那么,只剩下参数 min_examined_row_limit 的嫌疑,它表示当扫描行数少于设定值时,这个SQL也不会被当做slow query记录下来。
那么,本例中的COUNT(*)是否符合这种情况呢?
我们先把参数 min_examined_row_limit 值设置为 0,也就是默认值。
[[email protected]]>set global min_examined_row_limit=0;
[[email protected]]>set session min_examined_row_limit=0;
[[email protected]]>select @@global.min_examined_row_limit, @@session.min_examined_row_limit;
+---------------------------------+----------------------------------+
| @@global.min_examined_row_limit | @@session.min_examined_row_limit |
+---------------------------------+----------------------------------+
| 0 | 0 |
+---------------------------------+----------------------------------+
再执行一次 COUNT(*) 查询
[[email protected]]>select count(*) from t1;
+----------+
| count(*) |
+----------+
| 43462 |
+----------+
1 row in set (0.02 sec)
果然,这次被记录到slow log中了
# Query_time: 0.026083 Lock_time: 0.000110 Rows_sent: 1 Rows_examined: 0
...
select count(*) from t1;
注意到 Rows_examined 的值是 0,嗯,好像不太科学?
到这里,原因查明了,参数 min_examined_row_limit 的值设置大于 0 了,而本例中的 COUNT(*) 操作因为 Rows_examined=0,所以不会被记录到slow log中。
• Rows_examined:
The number of rows examined by the server layer (not counting any processing internal to storage engines).

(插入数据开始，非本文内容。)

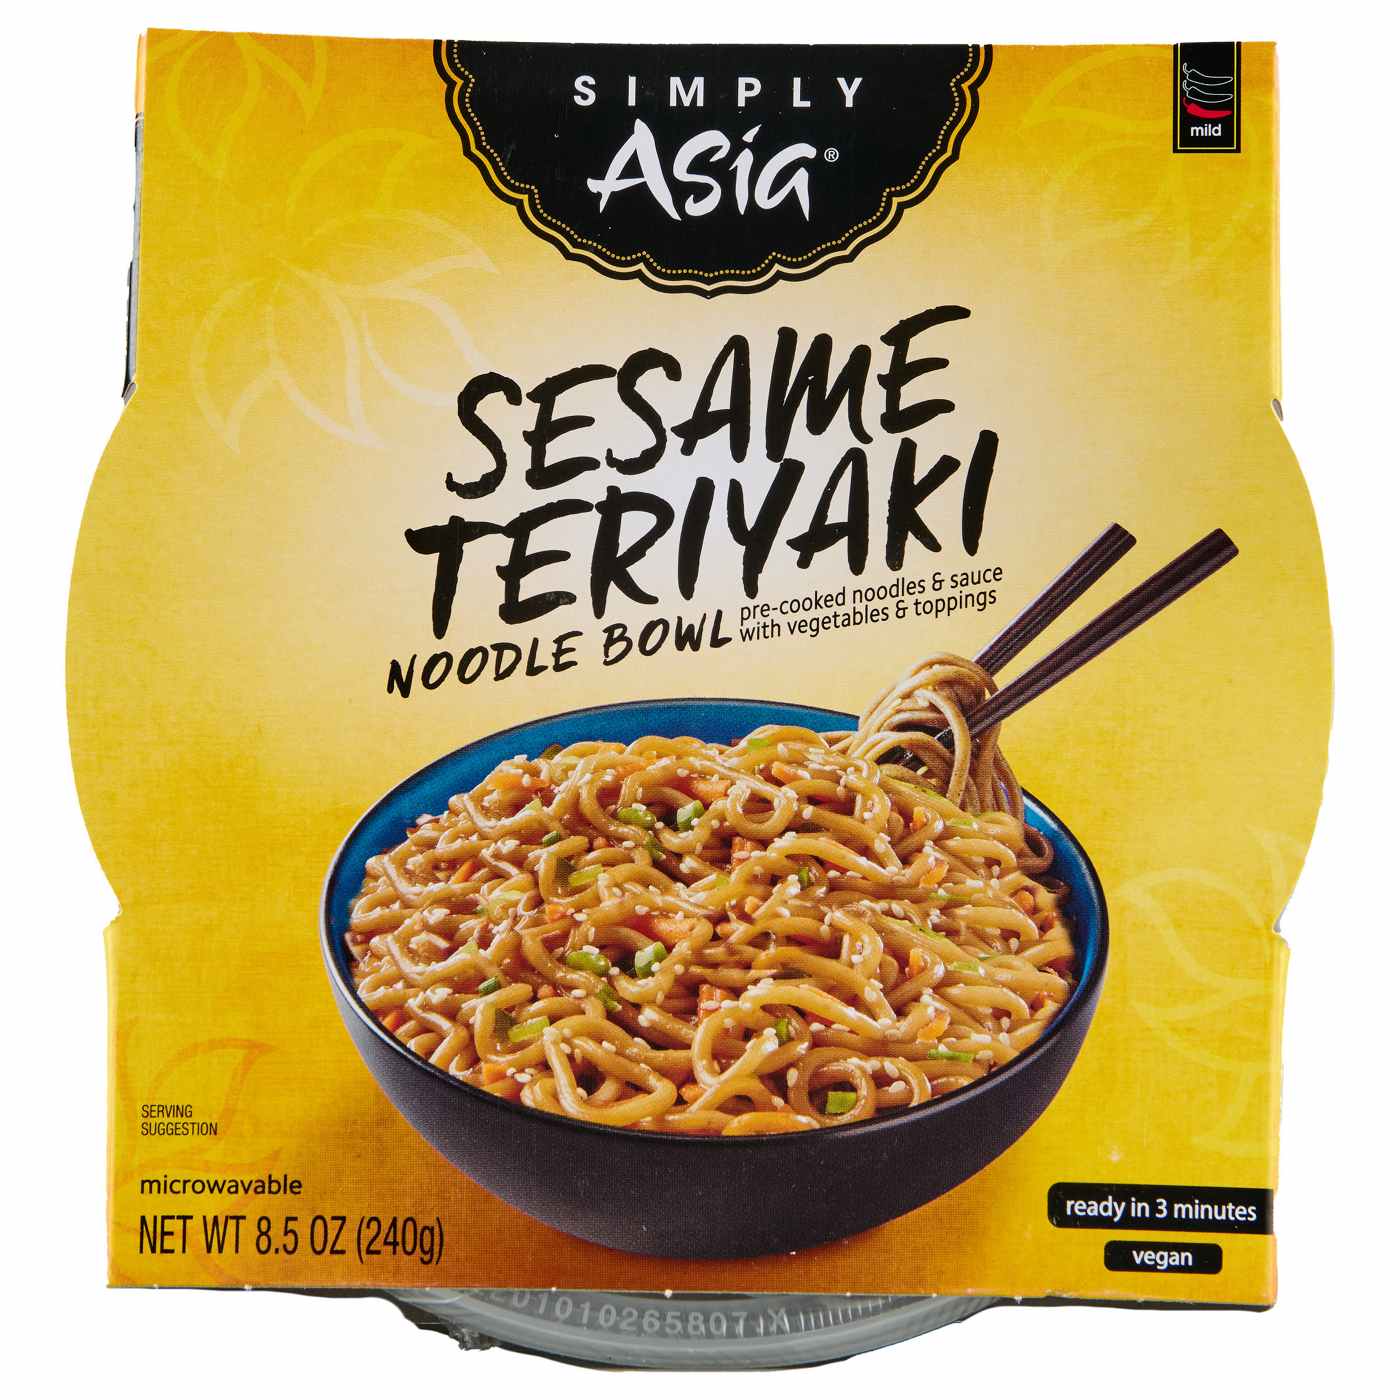 Simply Asia Sesame Teriyaki Noodle Bowl; image 1 of 7

可能字面意思上看起来不太好理解,换个思路,其实就是我们执行完一个SQL后,查看状态变量中名为 Handler_read_% 的几个指标即可,例如:
[[email protected]]> flush status;
[[email protected]]> select count(*) from t1;
...
[[email protected]]> show status like 'handler%read%';
+-----------------------+-------+
| Variable_name | Value |
+-----------------------+-------+
| Handler_read_first | 0 |
| Handler_read_key | 0 |
| Handler_read_last | 0 |
| Handler_read_next | 0 |
| Handler_read_prev | 0 |
| Handler_read_rnd | 0 |
| Handler_read_rnd_next | 0 |
+-----------------------+-------+
可以看到以上几个值均为 0,因此 Rows_examined 也为 0,就不会被记录到slow log中了。
3.1 关于聚集索引并行读
说到这里,我还要隆重介绍MySQL 8.0的另一个新特性。
从8.0.14版本起,新增参数 innodb_parallel_read_threads,支持对聚集索引的并行扫描,需要满足以下几个条件:
参数 innodb_parallel_read_threads 值 > 0
只支持聚集索引
只支持无锁查询
不是INSERT…SELECT查询
主要用于加速以下两种场景:
CHECK TABLE操作
不带WHERE条件的全表COUNT(*)
因此,COUNT(*)也是可以并行读聚集索引的,从error log中可以看到类似下面的信息:
[Note] [MY-011825] [InnoDB] Parallel scan: 4
[Note] [MY-011825] [InnoDB] ranges: 130 max_threads: 4 split: 128 depth: 1
[Note] [MY-011825] [InnoDB] n: 20914
[Note] [MY-011825] [InnoDB] n: 18066
[Note] [MY-011825] [InnoDB] n: 4482
从上述日志能看出来几点:
设置了最高4个并行线程
实际并行3个线程,实际并行数从1~4,不一定每次都跑最高并行
分别扫描行数是 20914、18066、4482,即 COUNT() 结果总数是 43462
对t1表加上一个辅助索引后,再来看下面这个COUNT(*)
# 看起来这个查询是走辅助索引
[[email protected]]>desc select count(*) from t1\G
*************************** 1. row ***************************
id: 1
select_type: SIMPLE
table: t1
partitions: NULL
type: index
possible_keys: NULL
key: k1
key_len: 5
ref: NULL
rows: 42760
filtered: 100.00
Extra: Using index
# 实际执行一把
[[email protected]]>select count(*) from t1;
+----------+
| count(*) |
+----------+
| 43462 |
+----------+
1 row in set (0.01 sec)
# 发现 Handler_read_% 的值还是 0
[[email protected]]>show status like 'handler%read%';
+-----------------------+-------+
| Variable_name | Value |
+-----------------------+-------+
| Handler_read_first | 0 |
| Handler_read_key | 0 |
| Handler_read_last | 0 |
| Handler_read_next | 0 |
| Handler_read_prev | 0 |
| Handler_read_rnd | 0 |
| Handler_read_rnd_next | 0 |
+-----------------------+-------+
且此时error log中依然有并行扫描的记录
[Note] [MY-011825] [InnoDB] Parallel scan: 4
[Note] [MY-011825] [InnoDB] ranges: 91 max_threads: 4 split: 88 depth: 1
[Note] [MY-011825] [InnoDB] n: 21493
[Note] [MY-011825] [InnoDB] n: 21486
[Note] [MY-011825] [InnoDB] n: 483
看到了么,实际上还是用到了聚集索引的并行扫描特性来加速。
提醒:上述error log中记录并行扫描聚集索引信息的功能在8.0.20中又被去掉了,上面之所以能看到这段日志是因为我排查到后面又回退到8.0.19版本了,有点费劲。。。
看下8.0.20 Release Notes
InnoDB: Unnecessary messages about parallel scans were printed to the error log. (Bug #30330448)
其实留着不挺好的嘛,搞不懂为毛要去掉的说。。。